October
5, 2000
Sad
Triumph of Reality
Nobody
wants to acknowledge the possibility that the current violence in
Jerusalem is not so much an anomaly as something like the release
of pent-up hostilities on both sides that have been papered over
that there are simply too many unresolved hostilities between
Palestinians and Israelis to make talks of a "peace process"

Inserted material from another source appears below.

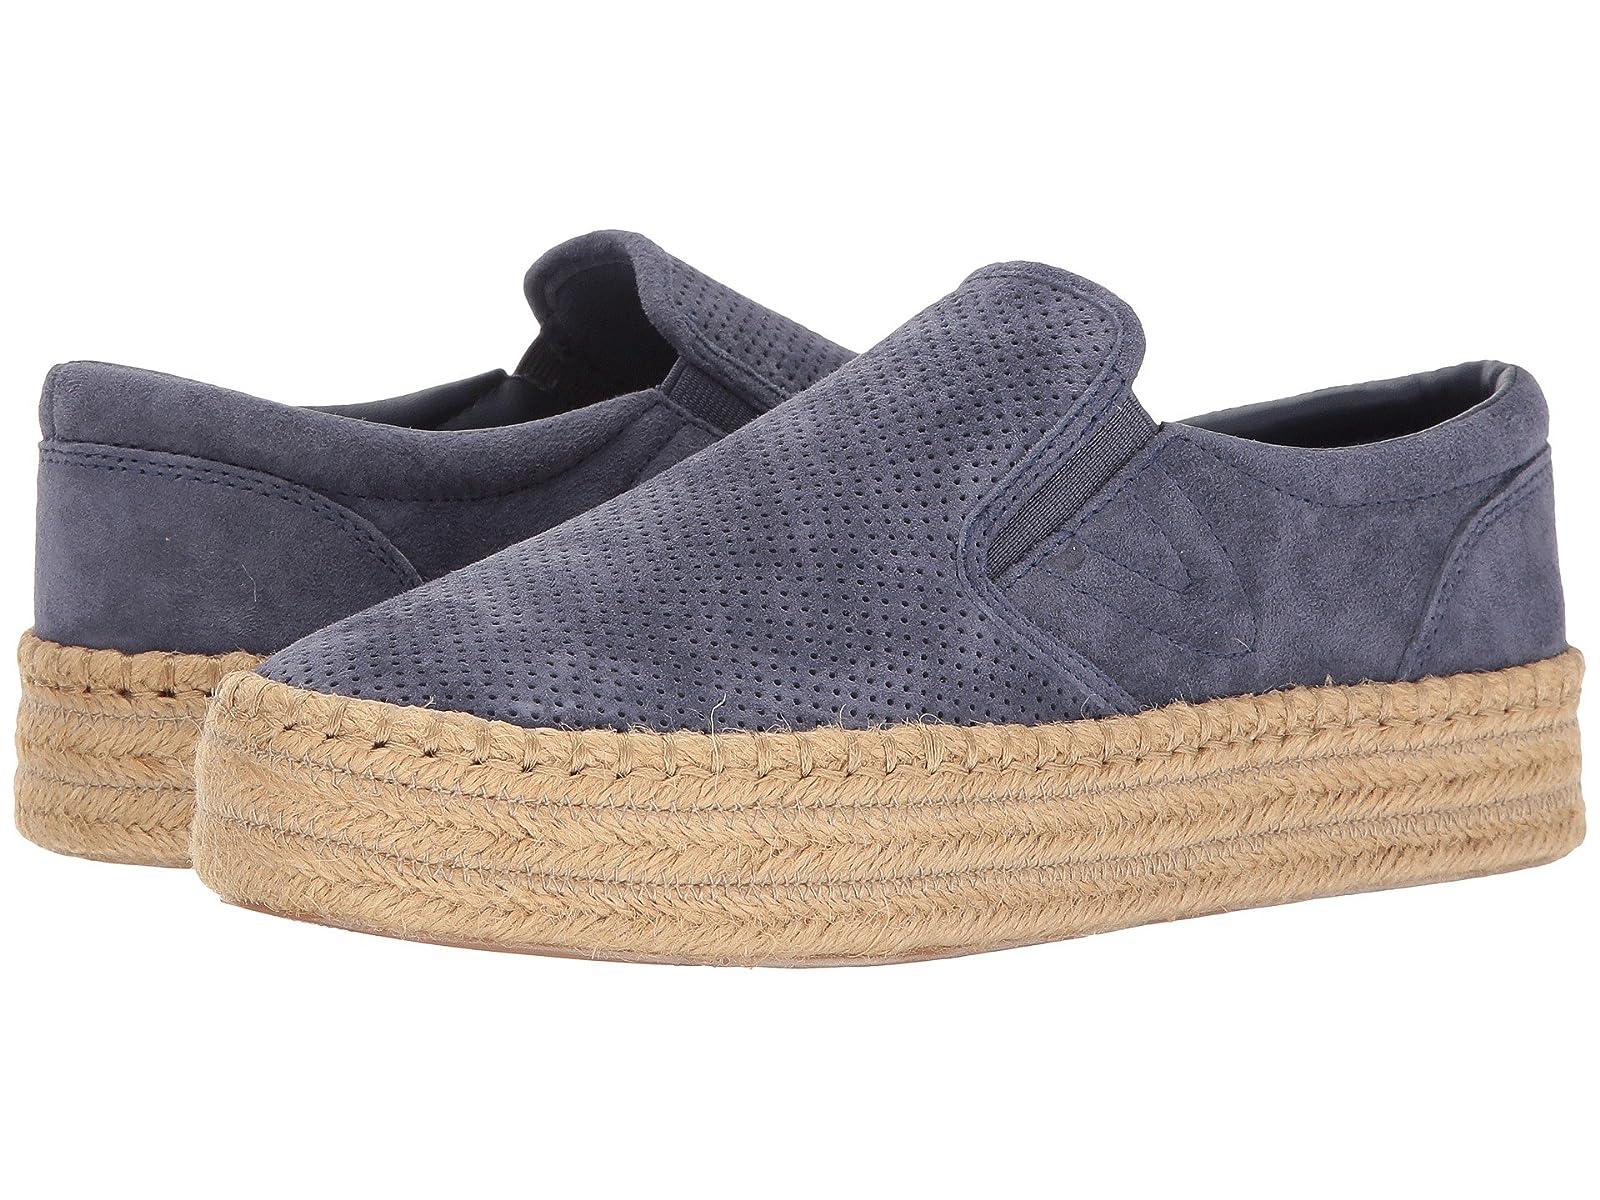 Tretorn Emilia3Cheap and distinctive eye-catching shoes

anything other than something of a sad delusion. Yet the possibility,
however unpleasant, should be considered. A peace process based
on wishful thinking is hardly likely to yield a peace that will
last beyond the next provocation, real or imagined.
The
desire for peace, even when flavored by something less noble, like
a desire for a legacy, is generally commendable. But while I bow
to few in my insistence that violence and hostility are no solution
to almost any given problem, it also seems to be the case that a
peaceful solution to a given problem, like a fine wine, cannot be
rushed. To most of us who have paid attention from time the Israeli-Palestinian
situation is particularly frustrating.
On
any number of issues, almost anybody can see from the outside that
insistence on a particular negotiating position by one side or the
other is a non-starter. And you just know that, for example, in
the old days when Israeli governments refused to negotiate with
Yassar Arafat and his minions because the Palestine Liberation Organization
was viewed as a "terrorist organization," the stance was
taken in part from at least a semiconscious resolution not to go
too far down the negotiating path because most Israelis simply weren’t
ready yet.
To
see the leaders of the two sides dutifully trekking to Paris to
visit with the Ambassador Extraordinaire of the imperial power in
Washington is particularly disturbing and most unlikely to hasten
the day when differences in the area are resolved or at least put
to one side for a while.
LOCKED
IN HOSTILITY
Over
the years the two sides locked in hostile embrace came to know one
another’s buttons well enough that they could push them at will
while maintaining to the U.S. and other well-meaning busybodies
that they were trying really, really trying to find
a basis for a just and lasting peaceful settlement. I still believe
that the potential of the people of the Middle East is so great
that peace will ensue eventually as the multifarious costs of war
and hatred make themselves more apparent. But conversations with
partisans of both sides have made me believe that the time is not
this year and probably not next year or the year after.
I
would love to be wrong about this. But events of the last week suggest
that those who thought peace was at hand, needing only the right
combination of nudges and promises to come to fruition, preferably
before January when Bill Clinton leaves office, were less realistic.
It
is possible, of course, that the current violence will prove so
shocking to people in Israel and in the area controlled by the Palestinian
Authority, so horrific a reminder of what the alternative to peace
entails, that they will redouble the peace efforts and find a way
to get to an agreement. Death and violence are often part of the
process of inducing enough war-weariness to begin the search for
peace in earnest.
WHO
SHOULD DECIDE?
Almost
everybody from outside the region who pays close attention for any
period of time comes away with a deep sense of sadness about the
Middle East. To see so many people with so much potential locked
in resentment, hatred and struggle induces frustration. Why can’t
they get beyond these animosities and develop, for starters, a free-trade
region -- which wouldn’t necessarily require people to like one
another, merely be willing to make money from them from which
everybody would benefit?
The
recent violence suggests that both Israelis and Palestinians have
become tired of posturing for the "international community"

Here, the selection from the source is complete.